El odio azucarado
La chulería de hace unos meses, con aquellas hojas de ruta que parecían la pizarra de un entrenador de baloncesto de tercera regional cuando quedan diez segundos para el final, ha sido sustituida por un odio a España, que tendría su peligro si fuera seco y adulto pero que es lacrimógeno y demasiado azucarado para ser tomado en serio.
BarcelonaActualizado:
Toda victoria como la que el Estado ha conseguido en Cataluña deja un resentimiento que los derrotados han de saber si convierten en reto creativo para levantarse y mejorar, o en odio victimista y estéril, la más segura garantía de derrotas futuras.
El catalanismo fracasa cuando desafía al Estado porque no quiere aprender de lo que hace mal. El catalanismo cuando defiende sus intereses con inteligencia consigue sus mejores logros y su estrategia redunda en el bienestar de los catalanes. Pero cuando cada tantos años se pone bravo y desafía al Estado al incomprensible órdago del todo o nada, una mezcla de autocomplacencia «pompier» y de patológica incapacidad para la articulación política consistente le lleva al naufragio no siempre exento del recuento de cadáveres.

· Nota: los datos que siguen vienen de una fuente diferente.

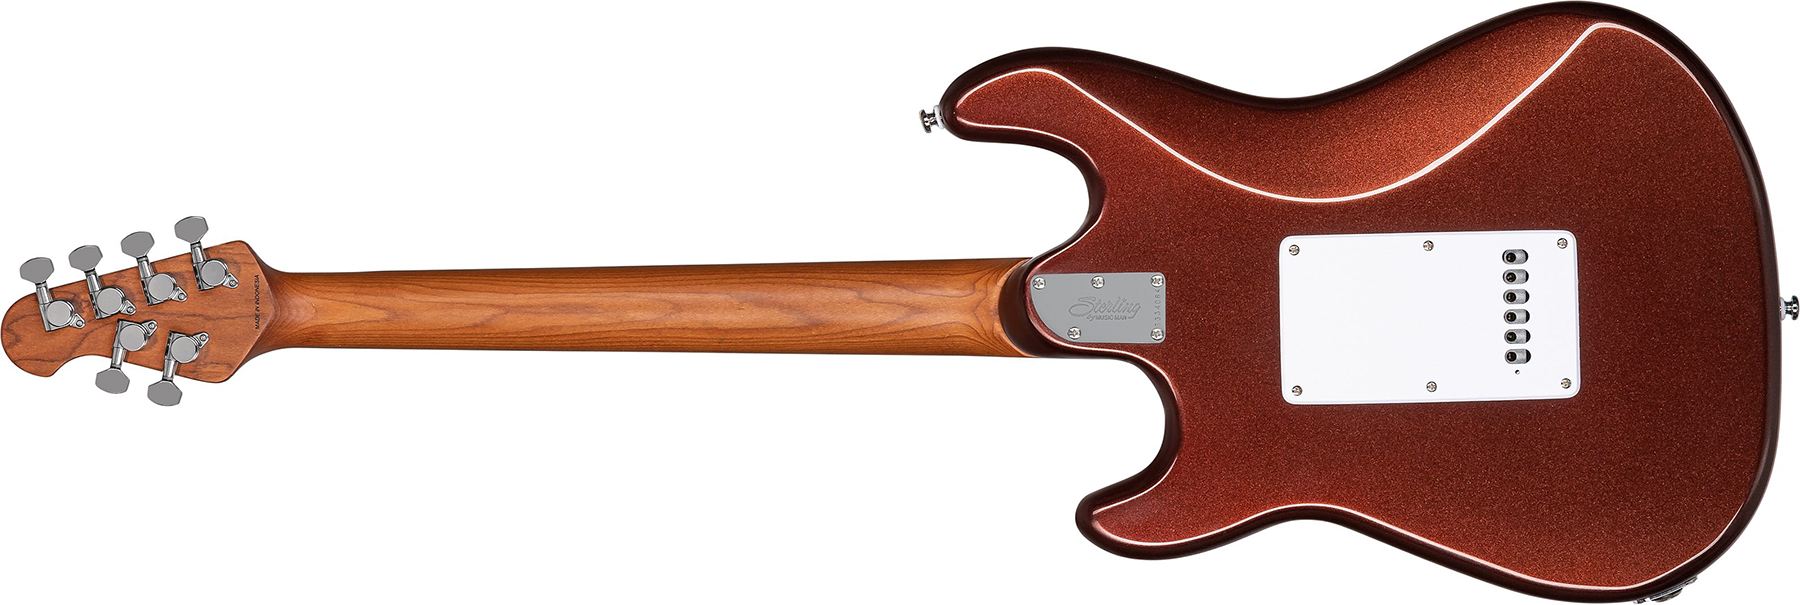 Sterling By Musicman Cutlass Ct50hss Trem Rw - Dropped Copper - Guitare Électrique Forme Str - Variation 1
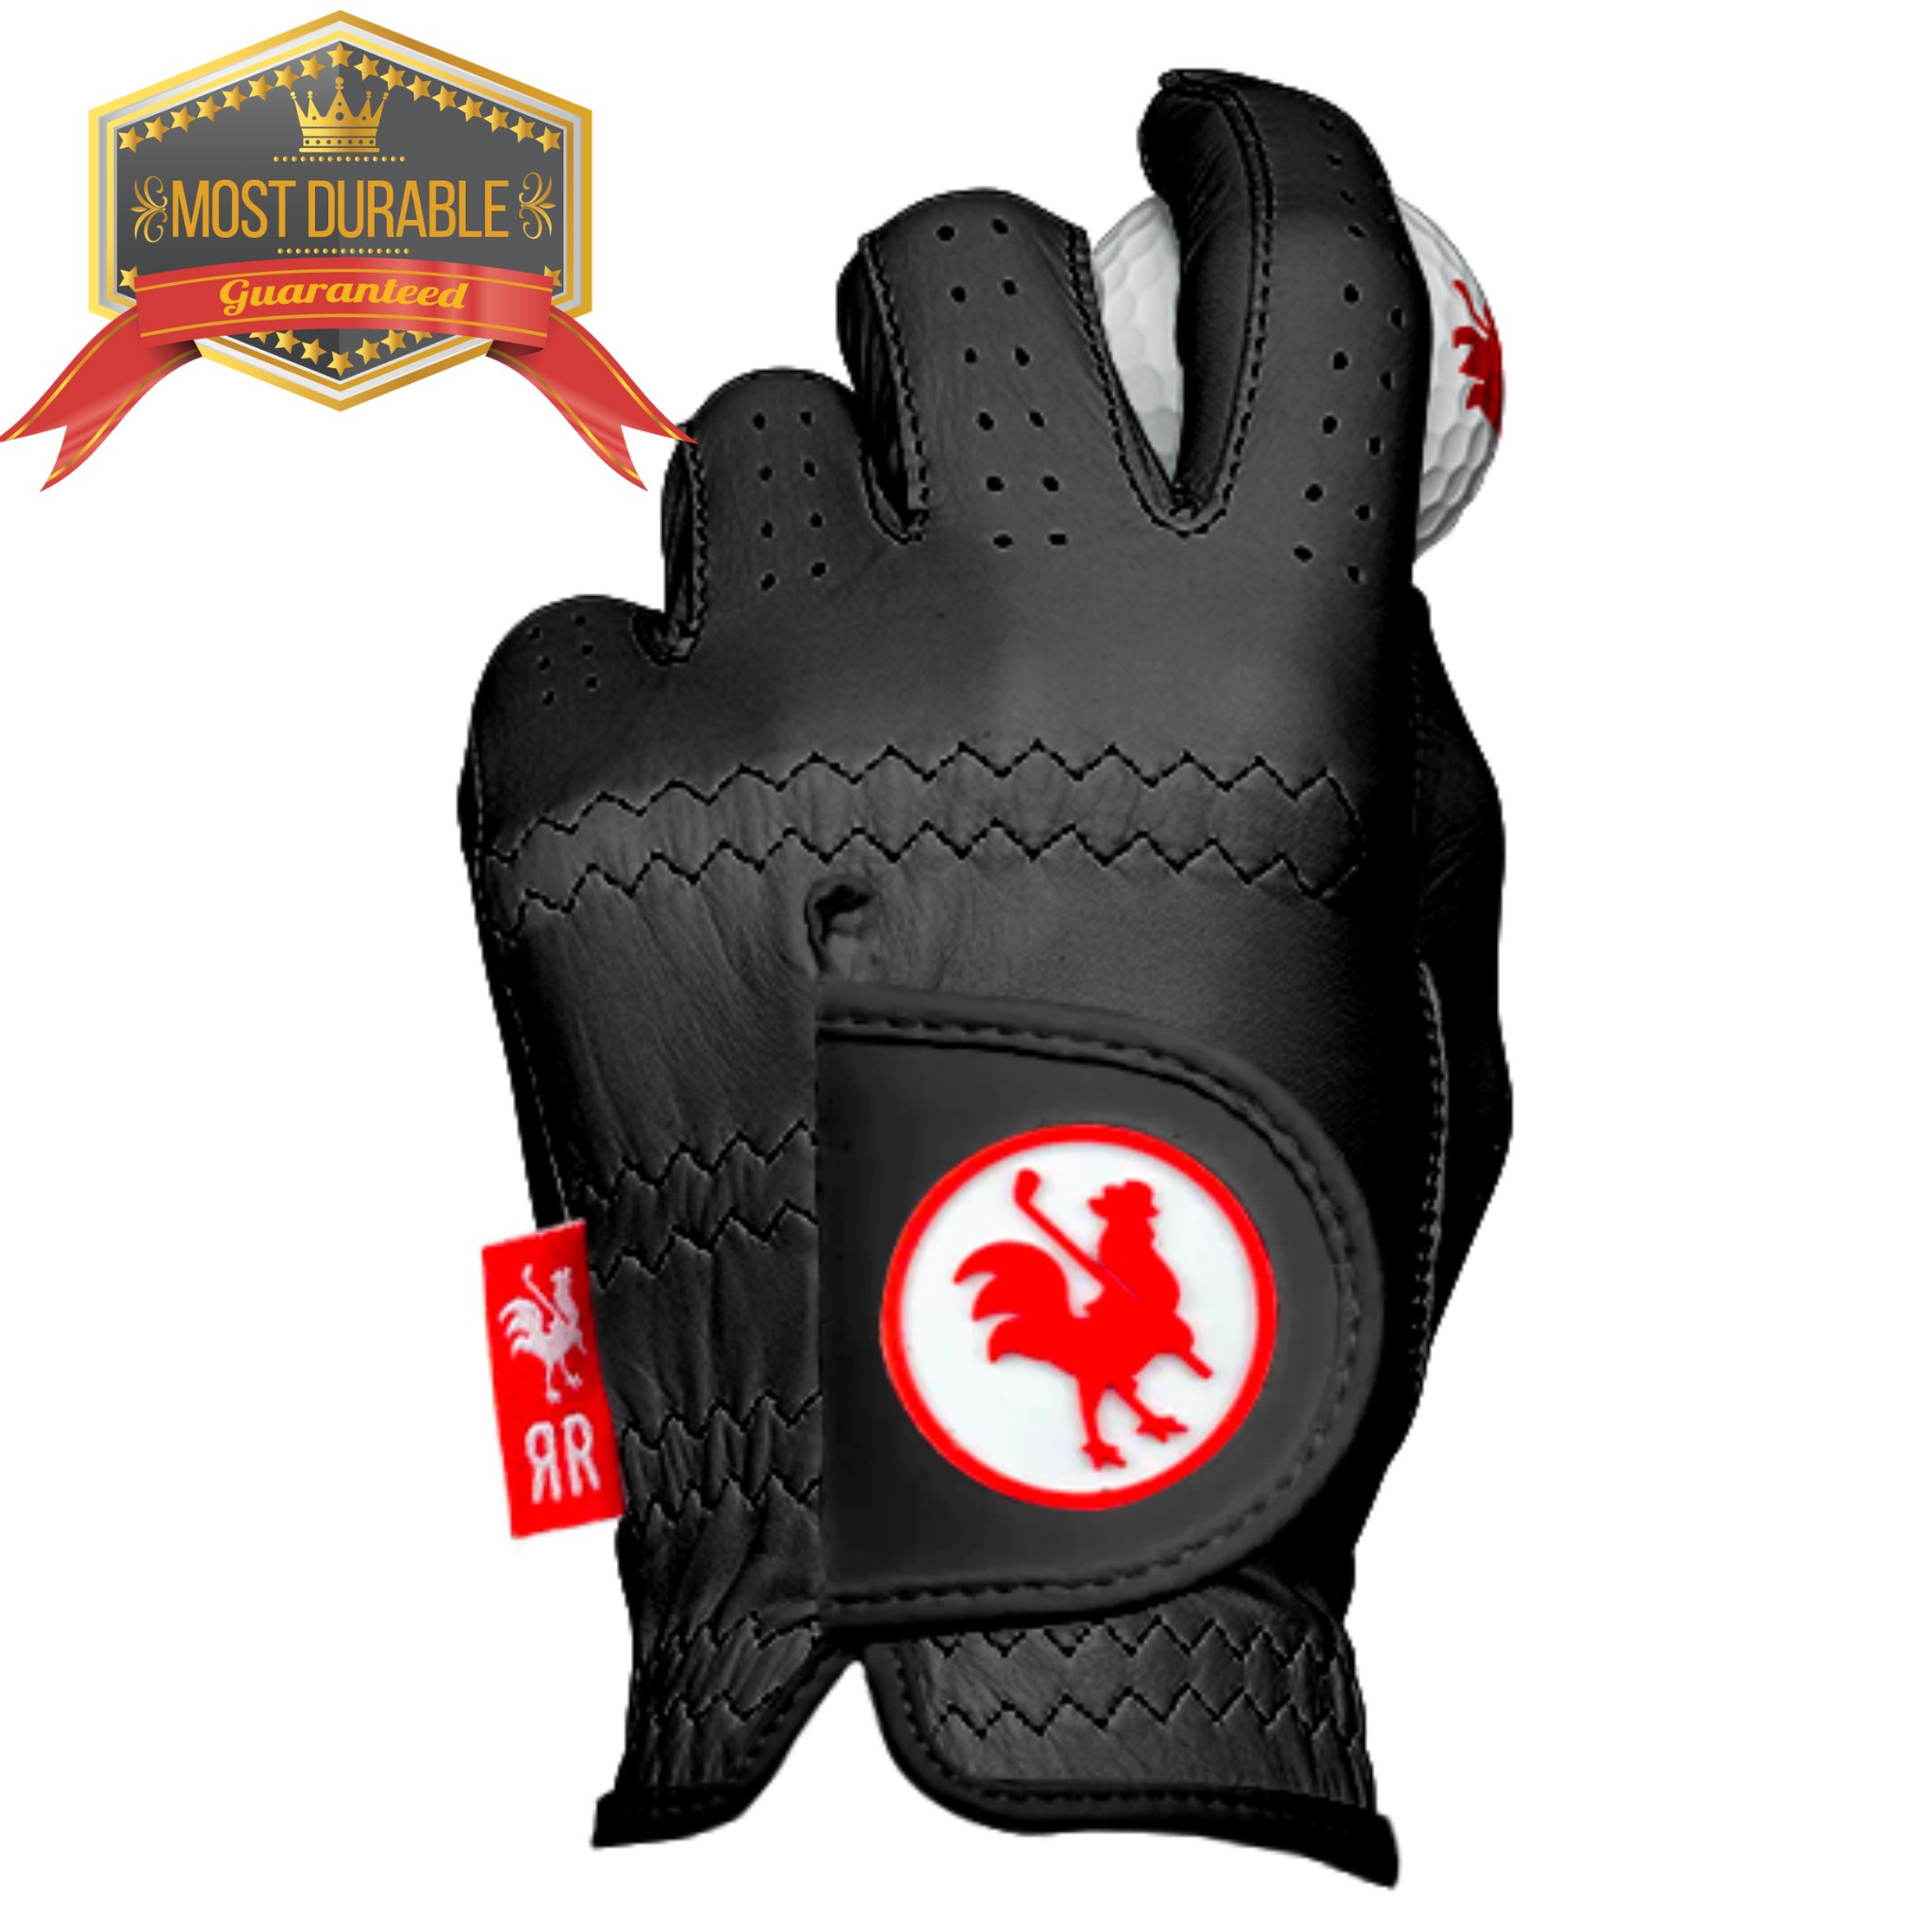 The Saddle golf glove

Y en lugar de tener la hombría de aceptar sus errores, analizarlos, y tratar de evitarlos en las siguientes ocasiones, se comporta como una histérica amante despechada, que es donde exactamente ahora estamos.
La chulería de hace unos meses, con aquellas hojas de ruta que parecían la pizarra de un entrenador de baloncesto de tercera regional cuando quedan diez segundos para el final, ha sido sustituida por un odio a España -que tendría su peligro si fuera seco y adulto pero que es lacrimógeno y demasiado azucarado para ser tomado en serio- a quien naturalmente llaman «fascista» y acusan de haberse impuesto por la fuerza y por el miedo, como si los Estados y sus fronteras no hubieran sido todos el resultado de guerras perdidas y ganadas, y como si el temor de Dios, tanto o más que la fe, no fuera el pilar de la Iglesia y su poder. ¿O es que el diablo no existe? No se puede ser tan lerdo.
La victoria del presidente Rajoy en Cataluña se detecta, de entrada, en lo más aparente: en nuestro apacible fluir diario, en el puntual funcionamiento de la Generalitat bajo la aplicación del artículo 155, en los restaurantes llenos y en la amigable vecindad de los que llevan el lazo amarillo con los que no lo llevamos: la fractura social es un mito, y aunque el monotema agota, es propaganda federica decir que la sociedad catalana está rota.
Más profundamente, la victoria se percibe en la honda desolación de los independentistas cuando les oyes hablar. Ya sólo insultan a España sin ninguna idea propositiva para su causa. Ese odio desgarrado, cursi como todo lo que se piensa poco y se siente demasiado, sin proyección ni estructura ni deseo de mundo mejor, y que no sólo certifica la rendición de hoy sino que augura el signo único de la derrota para la próxima vez que lo vuelvan a intentar.